Гарамаск проигрывал схватку и все ниже соскальзывал по щебню. Он потерял клыки-насадки и обломил один зуб, когда пытался перегрызть сухожилия ягуара, и теперь давился собственной кровью. Он рубил Сайнека налокотными и наколенными кинжалами, полосовал когтями и шпорами, но зверь едва не распотрошил Гарамаска задней лапой, которая одна заменяла все холодное оружие человека. В последний раз он вырвался из объятий разъяренного ягуара и завертелся на полосе щебня, пытаясь удержаться на месте и не скатиться вниз.
Чаво нацелил на Гарамаска валун покрупнее, чтобы помочь ему преодолеть расстояние до обрыва. Ягуар приготовился для завершающего удара и метнулся вдоль края твердой скалы. Валун угодил точно в тело зверя. Сильный удар опрокинул ягуара в поток скользящих камешков. Зверь не сумел затормозить, скатился с горы и полетел в пропасть.
— Папа Гарамаск, я спас тебе жизнь! — радостно крикнул сверху Чаво. — Но я должен быть уверен, что Сайнек действительно мертв. Я буду сбрасывать валуны до тех пор, пока не удостоверюсь, что с ним покончено.

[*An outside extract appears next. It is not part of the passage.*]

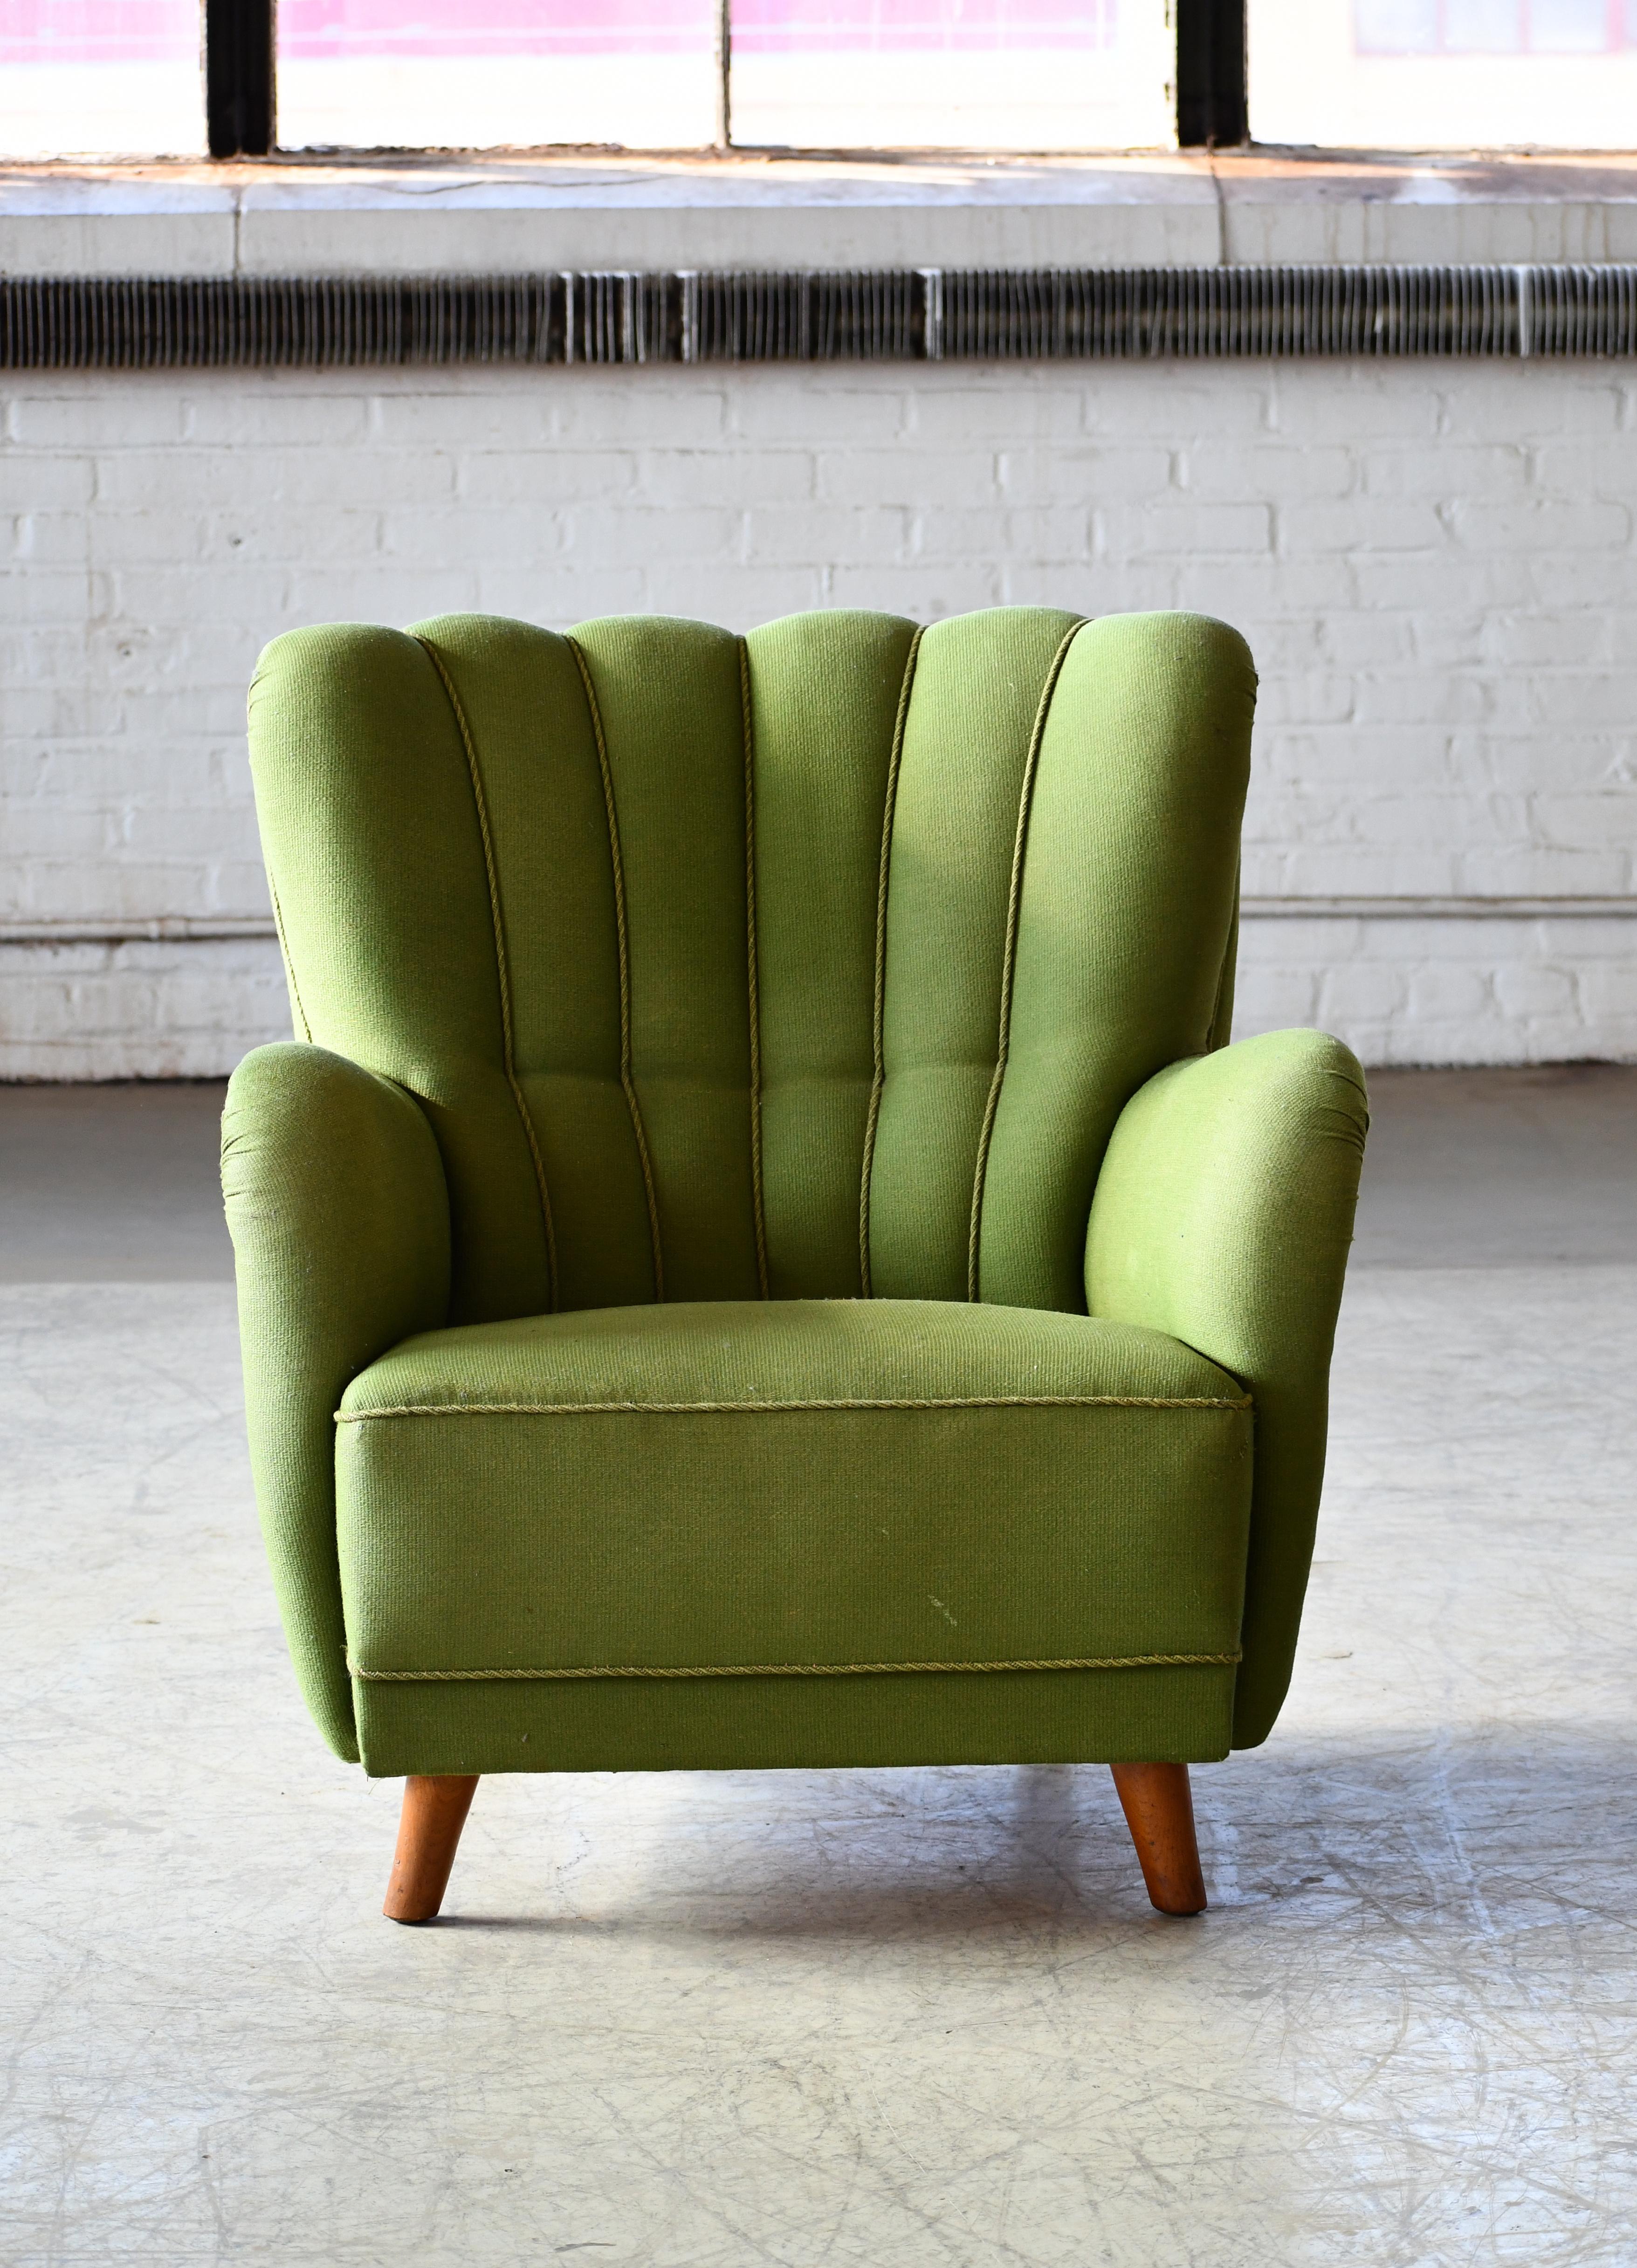 Super charmanter Sessel aus den 1940er Jahren im Stil von Mogens Lassen mit sehr skulpturaler, organischer Form und harmonischen Proportionen. Vielseitig und sehr gut geeignet für einen kleineren Raum, der eine stärkere Aussage braucht. Auf

И Чаво покатил валуны, рассчитывая сшибить Гарамаска с ног, а тот метался по скользящему щебню, увертываясь от катящихся камней. Три, шесть, девять валунов пронеслось мимо. Потом Чаво замешкался, выкатывая из углубления особо крупный валун. Под ногу Гарамаску попал скрытый щебнем выступ камня, и он быстро перебрался на твердую поверхность.
Чаво повернулся и оказался лицом к лицу с человеком. Гарамаск — окровавленный, изувеченный, лишившийся уха, разящий потом и полный призрачности, ибо часть призрака из летящего к земле зверя перешла в человека… И болван Чаво. Ну что можно сказать о Чаво, болване из рода оганта? Мог он теперь посмотреть прямо в глаза Гарамаску? Нет. Но он никогда и не смотрел, ведь все оганта косоглазые от природы. Побледнел ли он, столкнувшись с Гарамаском нос к носу? Трудно сказать, если речь идет об оганта. Однако голубой румянец — обычный цвет его лица — немного поубавил яркости.

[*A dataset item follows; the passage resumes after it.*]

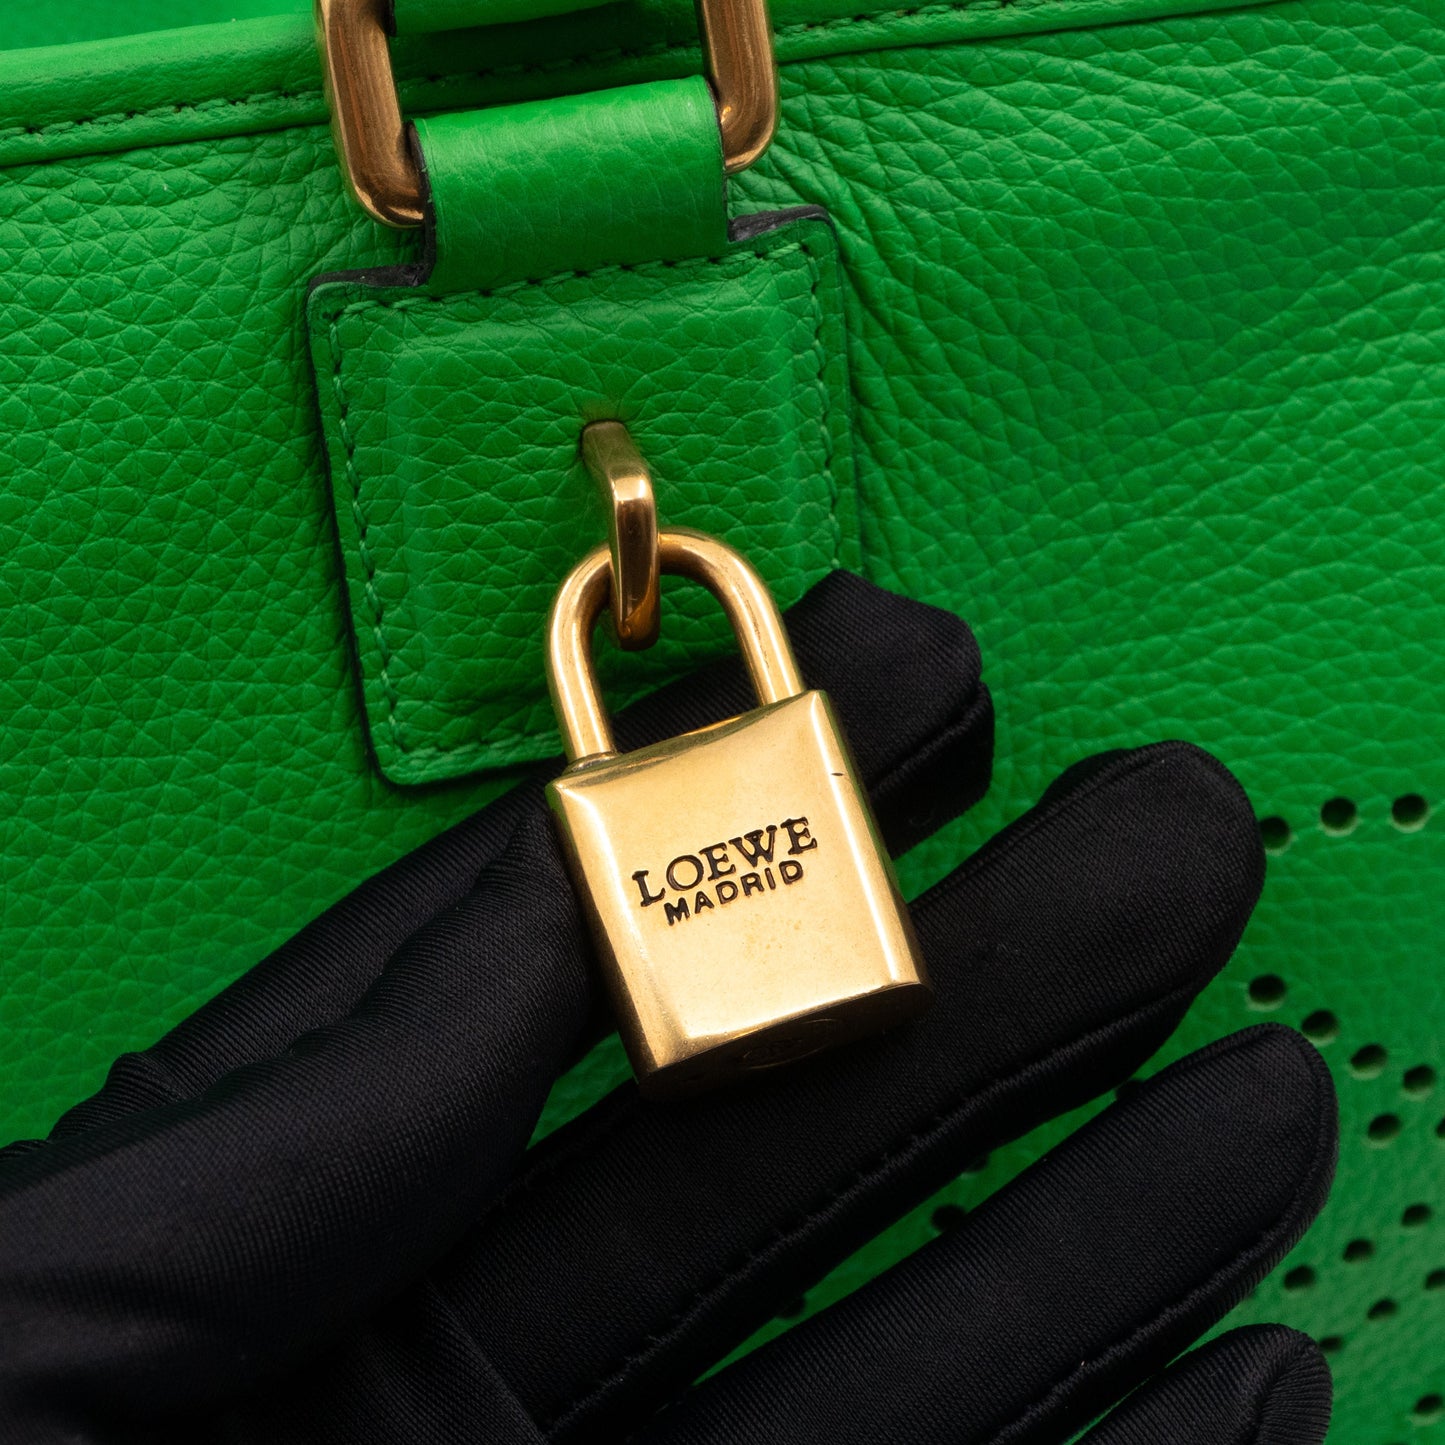 Acid Amazona 36 Handbag Green Leather

— Что же ты мешкаешь, проводник Чаво? — спросил Гарамаск тоном готового извергнуться вулкана. — Вперед! Мы еще не достигли вершины первой горы. Мы убили всего лишь одну жертву из четырех. В путь!
Они продолжили восхождение и потратили на это весь остаток дня. Они видели много-много сайнеков, улепетывающих прочь без оглядки, но ни разу не встретили самого Сайнека. Некоторое время Сайнека не будет в живых. Гарамаск отстегнул кинжалы и часть доспехов и повесил на пояс. Подниматься стало легче. С последними лучами солнца охотники добрались до вершины Домбы, первой горы Тригорья.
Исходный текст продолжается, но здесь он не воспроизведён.